What you should do :: Your answer must be the exact lines of the listing below that run from the line with "دانلود والپیپر مراسم" to the line with "Crown Royal Hawaiian Shirt - Jomagift", ends included, and no pictures.

Supplied data ::
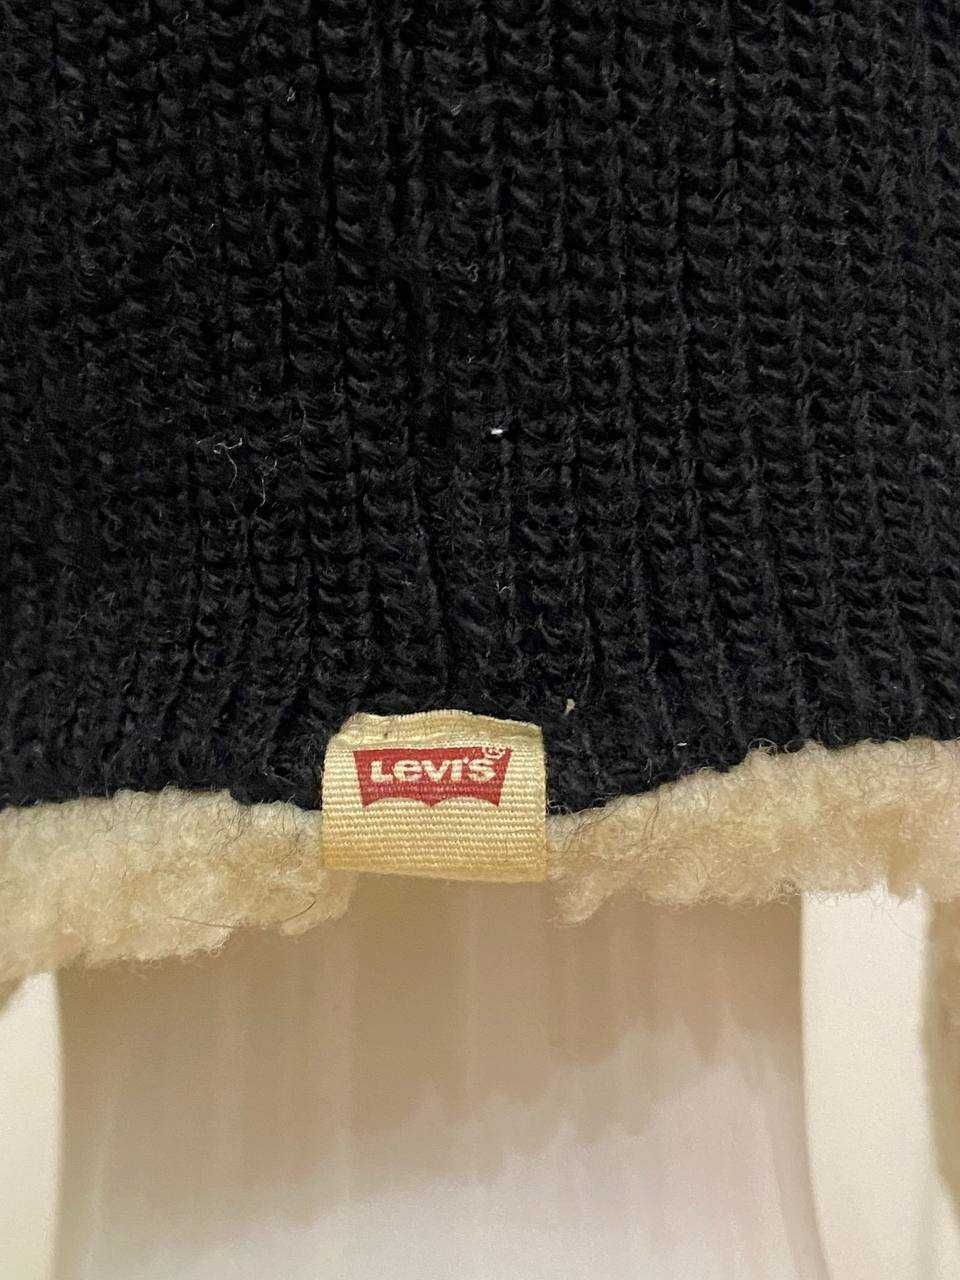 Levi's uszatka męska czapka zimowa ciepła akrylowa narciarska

...

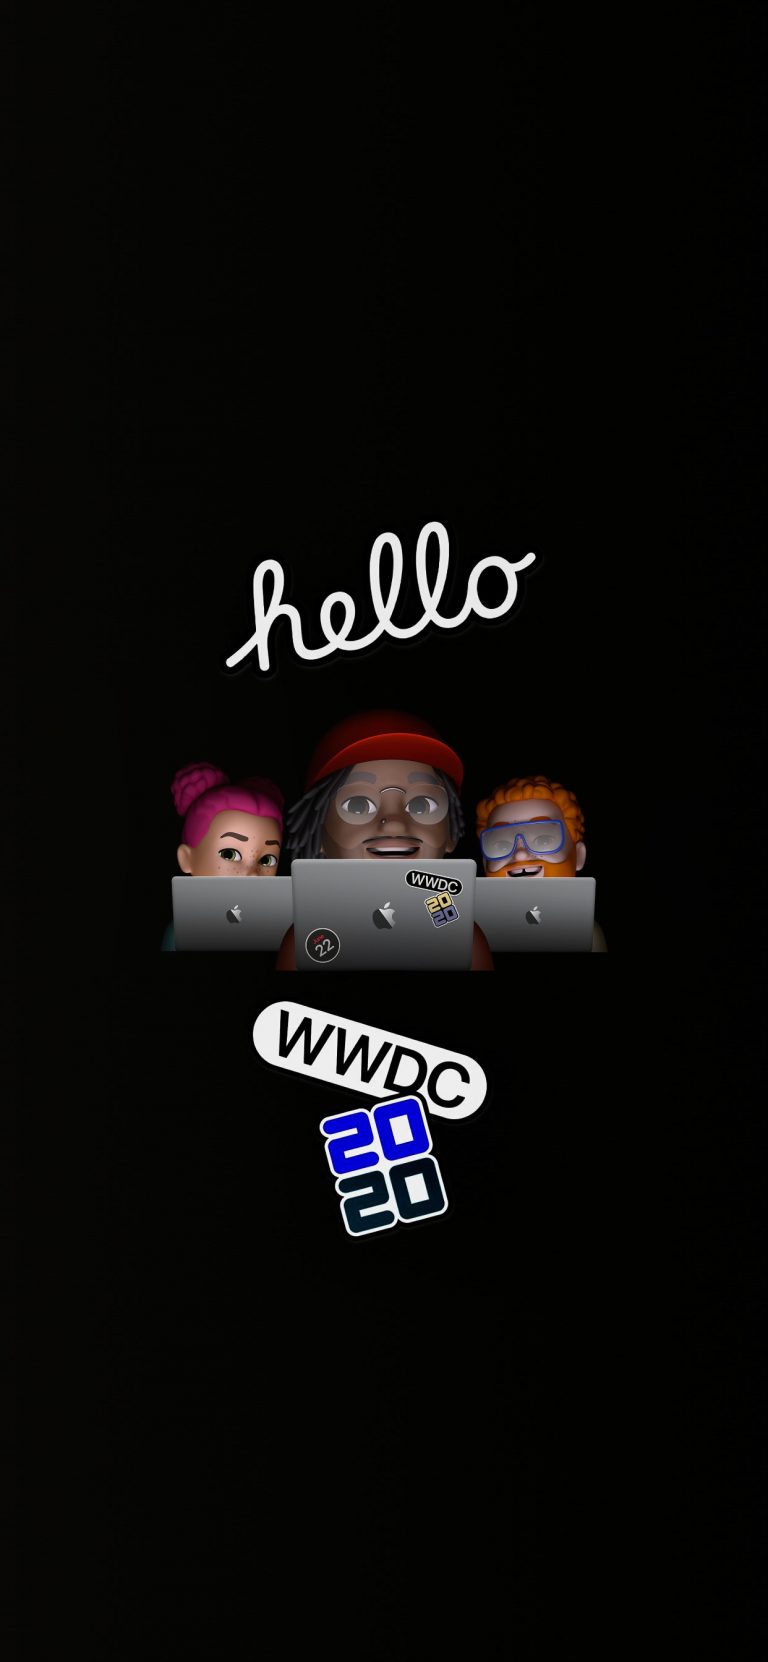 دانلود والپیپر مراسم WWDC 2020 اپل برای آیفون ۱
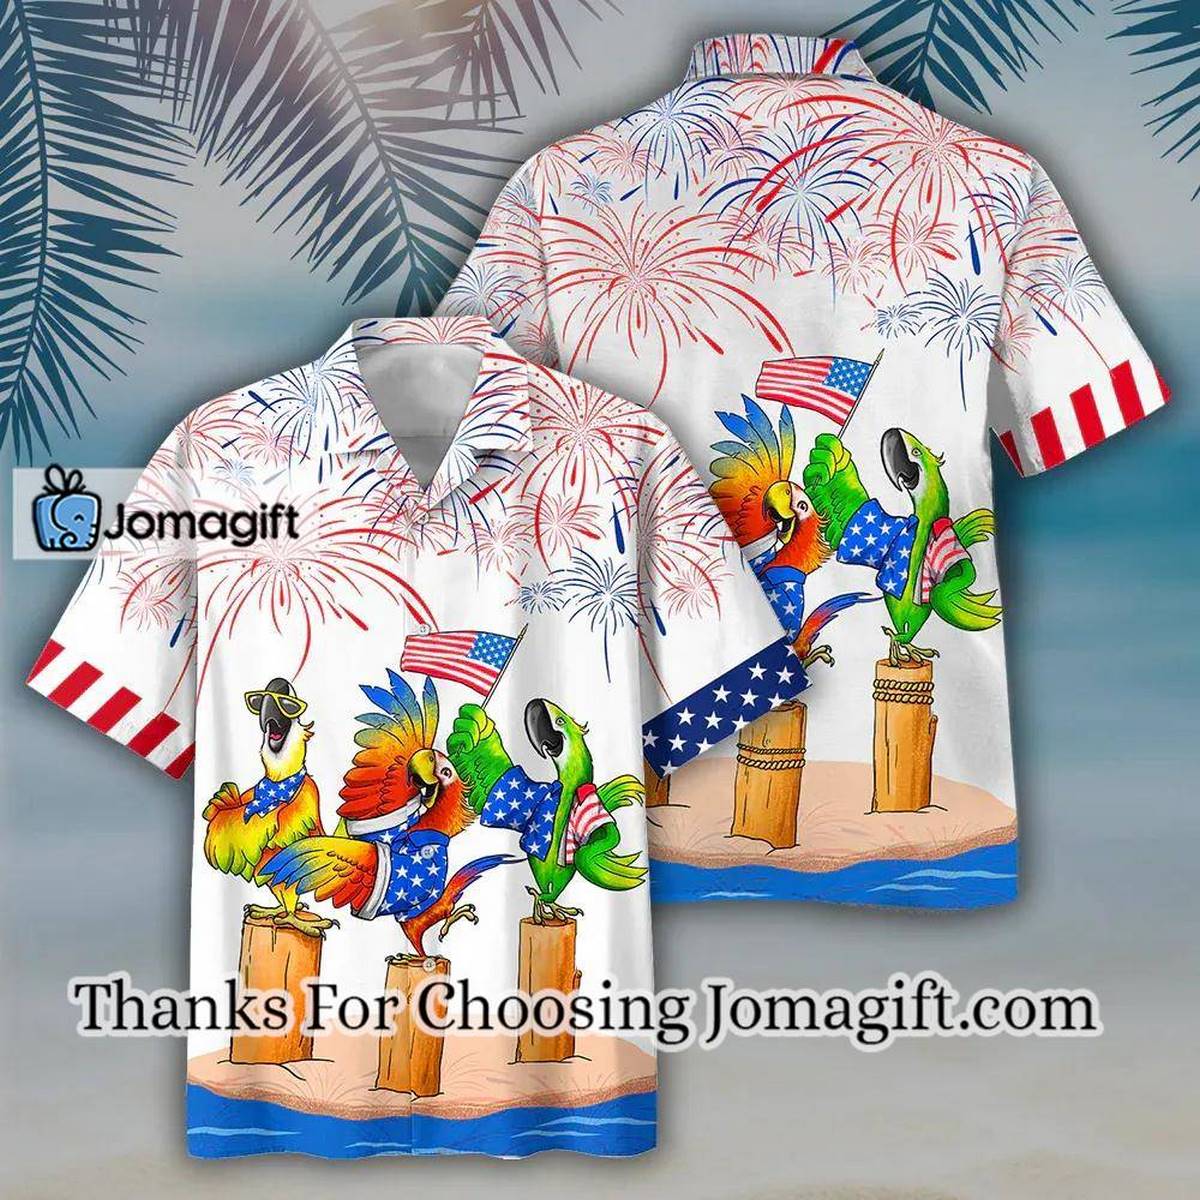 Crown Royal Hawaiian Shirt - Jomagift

Answer for this exercise ::
 دانلود والپیپر مراسم WWDC 2020 اپل برای آیفون ۱
 Crown Royal Hawaiian Shirt - Jomagift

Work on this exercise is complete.